> _What to produce_
Write out exactly the lines from the one that contains "NIKE 運動帽 CW5921-010 - 黑淺灰" down to the last line of the material below, keeping both ends and omitting pictures.

> _Recorded information_
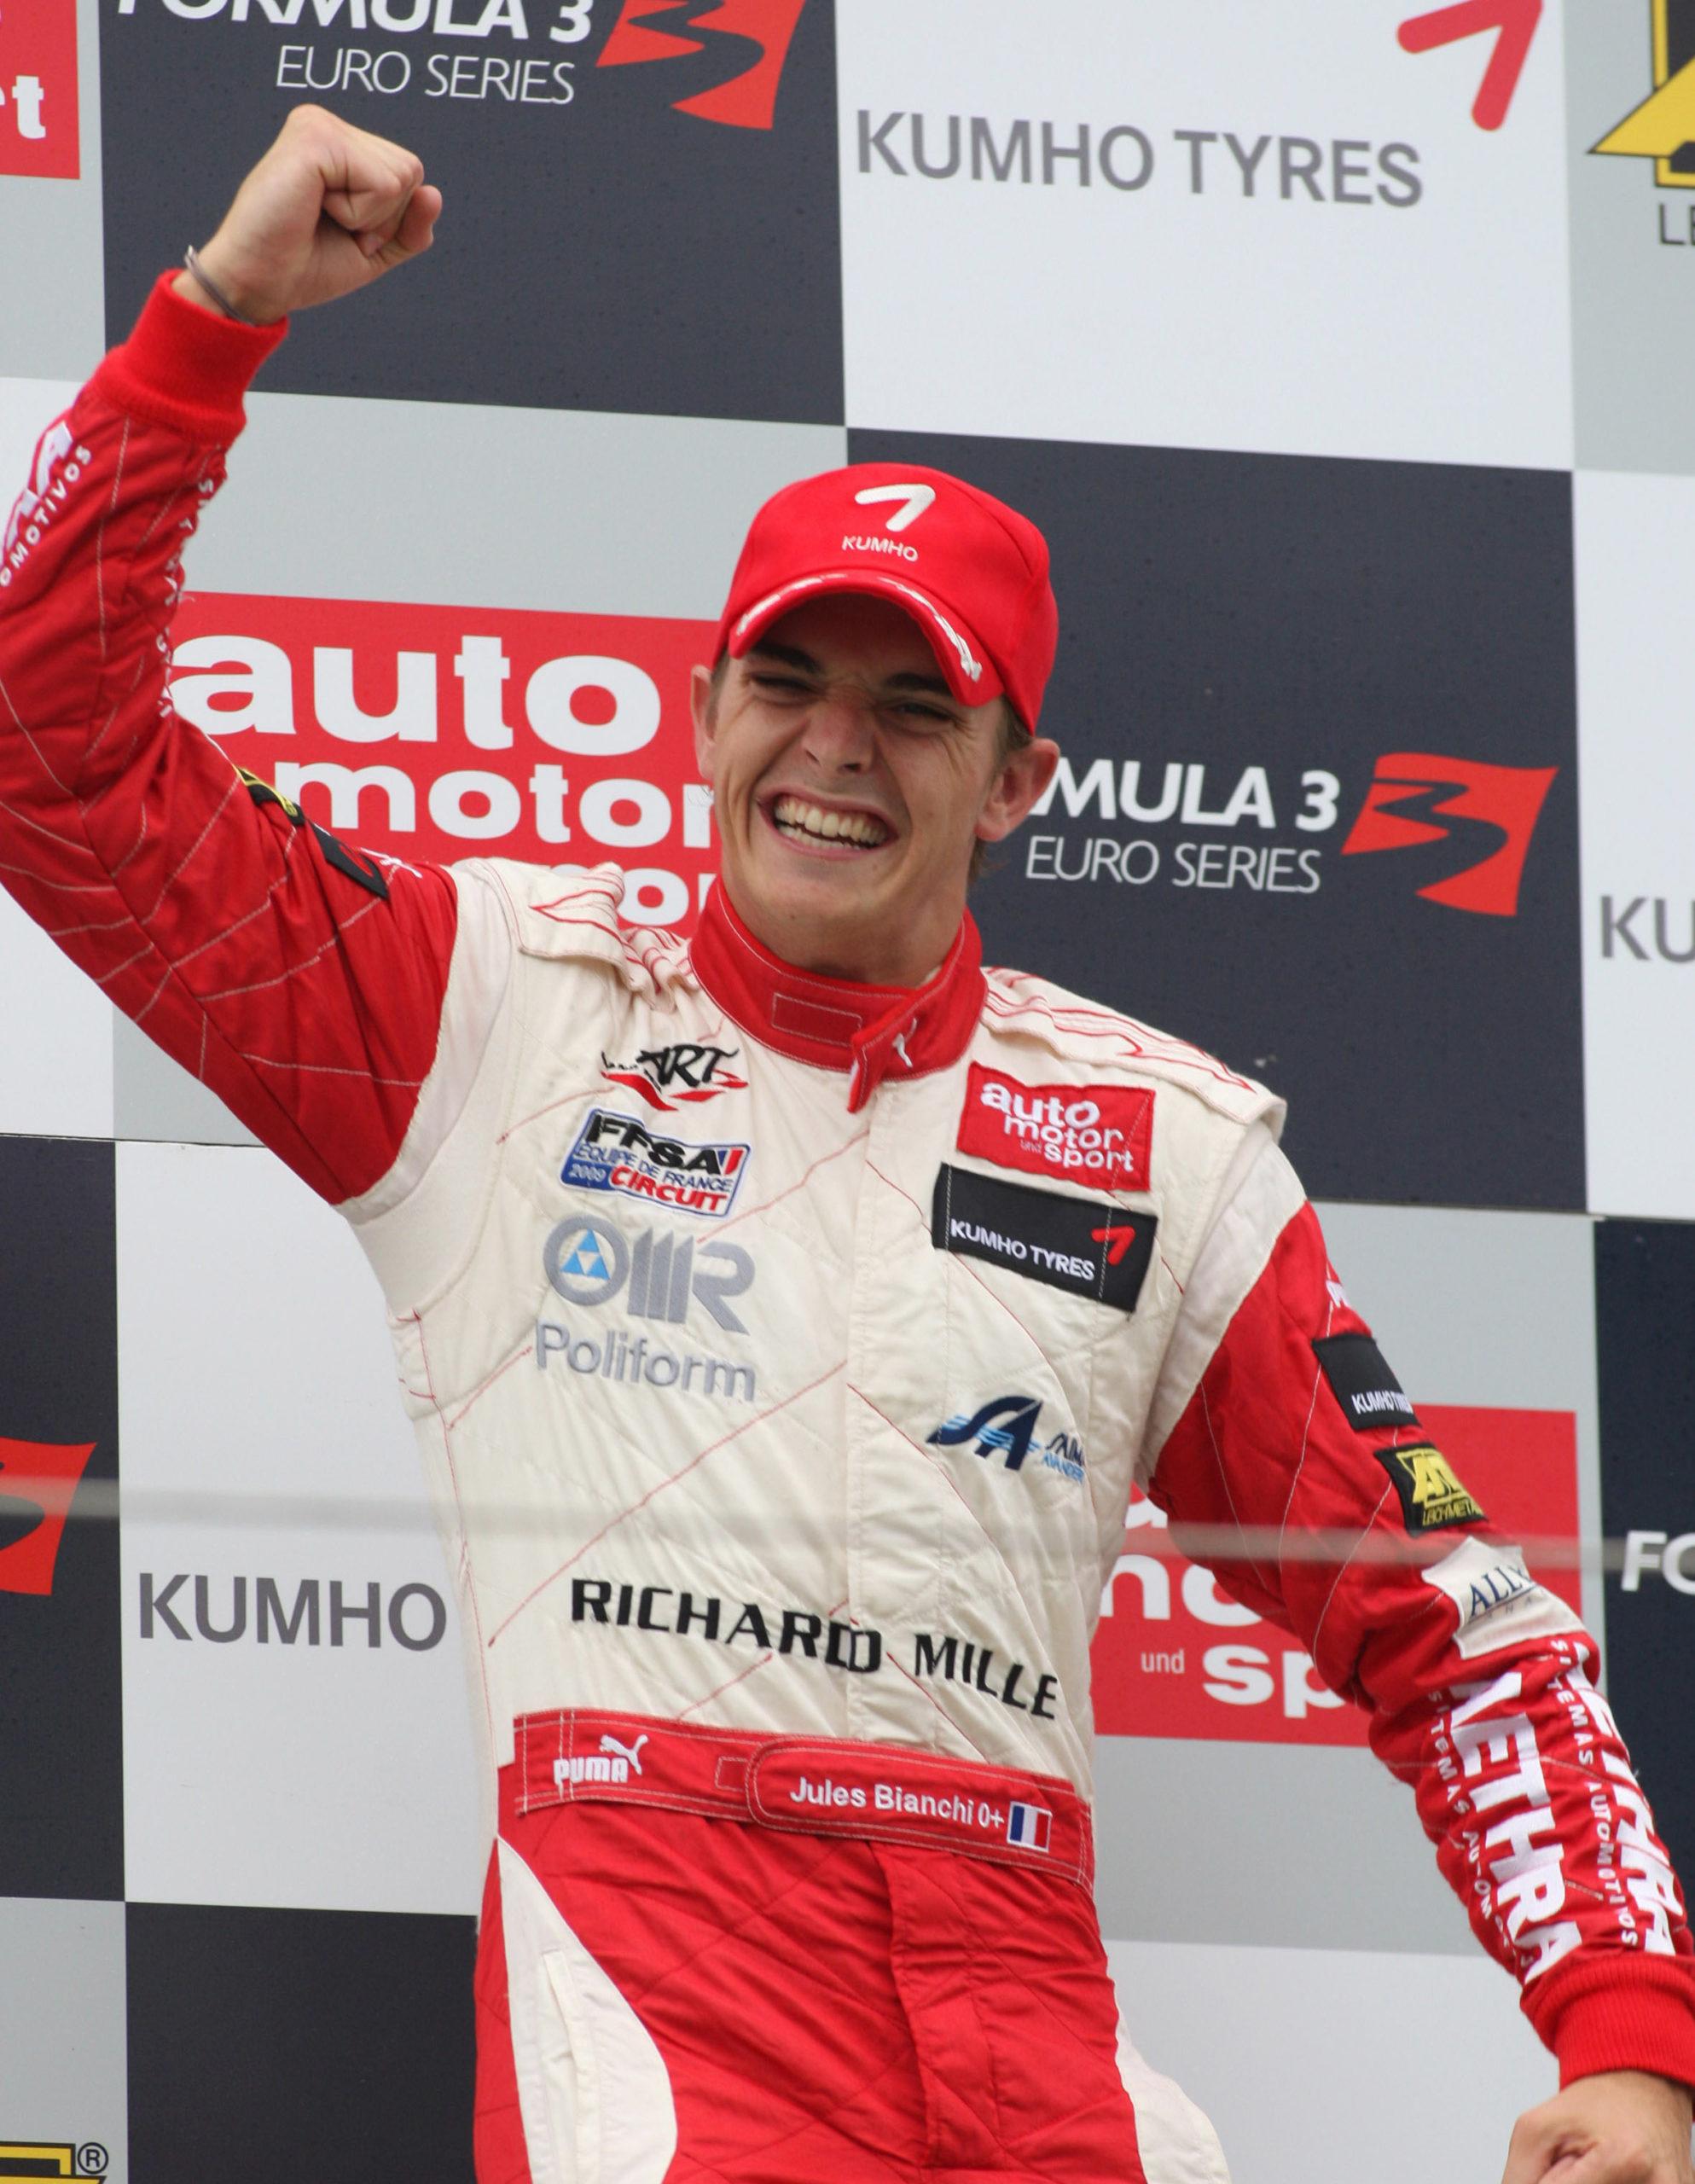 Jules-Bianchi-celbrates-on-the-podium-at-Zandvoort-after-a-European-Formula-3-race
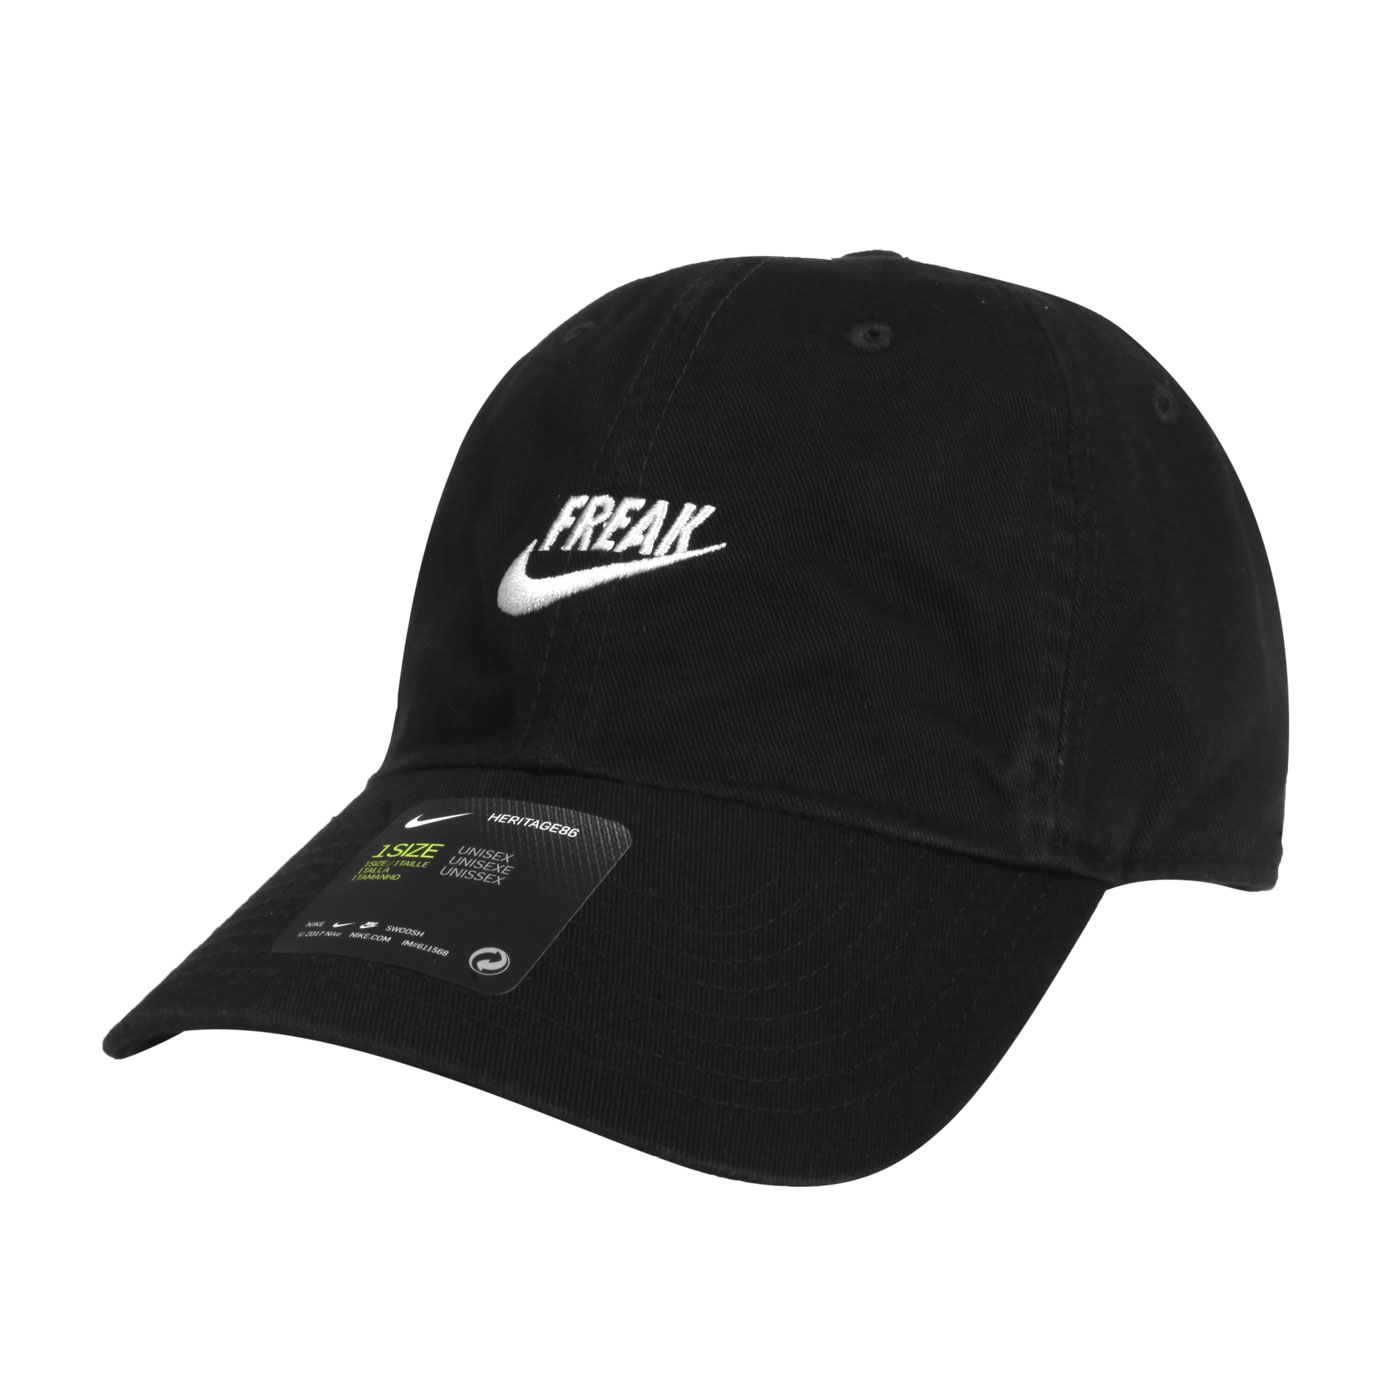 NIKE 運動帽 CW5921-010 - 黑淺灰
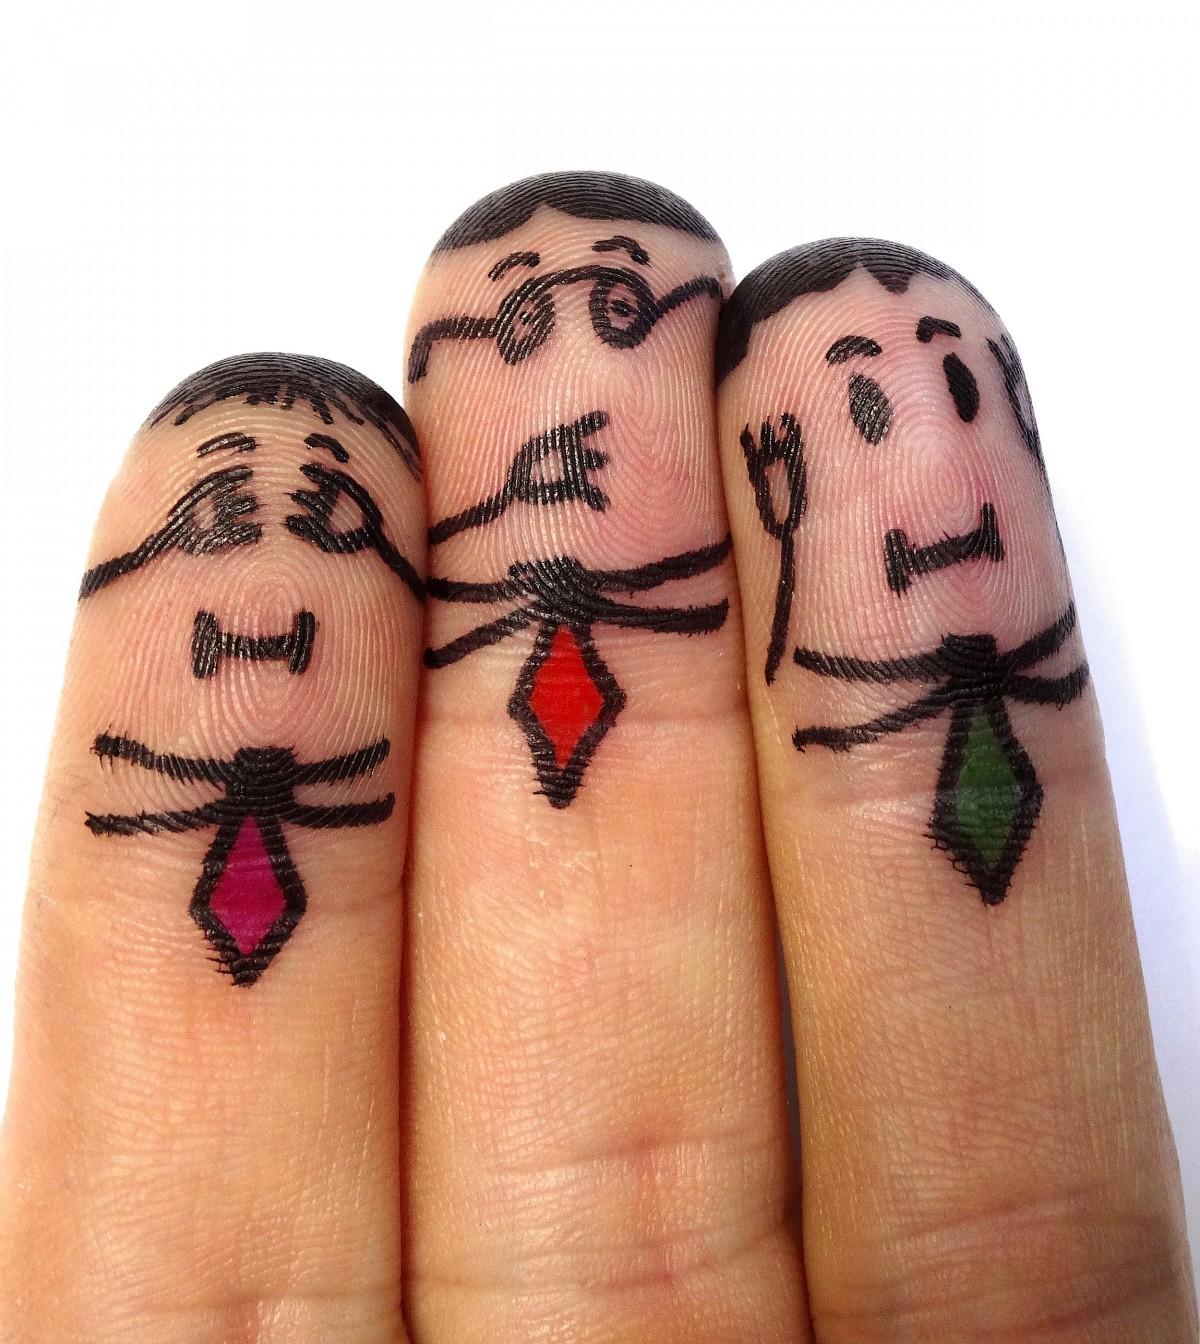 finger_man_not_hear_not_see_don_t_talk_finger_males_person_don_t_listen-935856.jpg

> _Solution for this problem_
 NIKE 運動帽 CW5921-010 - 黑淺灰
 finger_man_not_hear_not_see_don_t_talk_finger_males_person_don_t_listen-935856.jpg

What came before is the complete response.